Zenvisage in BigData

For chinese version, please see BACHELOR'S DEGREE THESIS OF HOHAI UNIVERSITY for details: http://blog.csdn.net/u013052657/article/details/73468786

ABSTRACT

Visual analysis platform for the process and analysis on large data is becoming increasingly important. This paper analyzes the demand for visualization analysis of large time series data(ie, data that changes with time series), and some visual analysis tools sounds cumbersome, repetitive, time-consuming, and time-consuming large data (ie, data with time series variation) problem. For this, with the open source Zenvisage visual analysis platform, we propose a large data analysis scheme based on Spark, which is integrated into the bottom of Zenvisage's visual analysis platform, and solves the above problems. The paper mainly discusses the following aspects:

(1) Analying the visualization requirements of large time series data, the system needs to manage amounts of views, support the user to modify the query conditions, adjust the analysis of the property, make interactive visual analysis; according to the visualization of the trend to help users find the views that are similar in trend, or show a significantly different trend, and recommend presenting the most interesting trends in the subset of data currently being viewed, such as representative visualizations, outliers, providing user with data uploading interfaces, and supporting visualization based collections query, specify the required insight from the visualization.

(2) Analying the Zenvisage platform in the large time data application scenarios storage and query performance degradation, find the bottleneck of traditional relational database in the analysis of large data in timing.
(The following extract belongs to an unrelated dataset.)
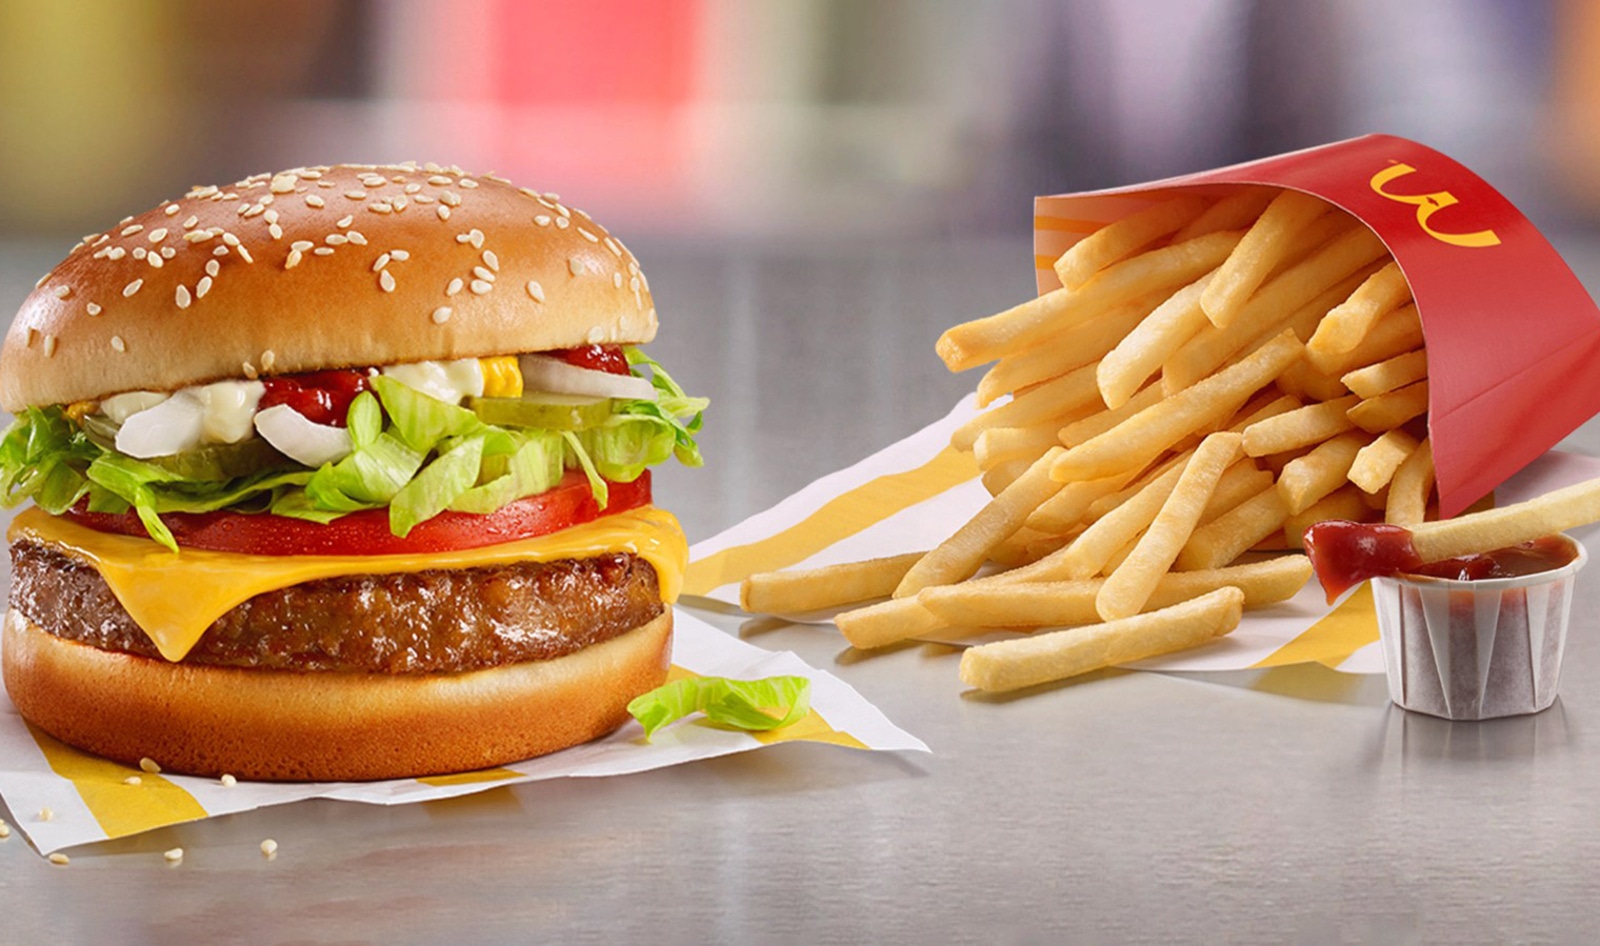 McDonald’s Launches Its Vegan McPlant Burger in the UK

(3) According to these bottlenecks, a large data analysis scheme based on Spark is proposed. The program is stored in HDFS for file storage, Parquet columns store data compression, distributed memory engine Spark as the underlying computing framework to solve effectiveness of the Zenvisage platform in the large time series data scenarios, and improve the effectiveness of interactive analysis system performance and operational efficiency.

(4) This analysis scheme is integrated into the bottom of Zenvisage's visual analysis platform, and the effectiveness and availability of the research contents are evaluated by systematic testing and comparative experiments.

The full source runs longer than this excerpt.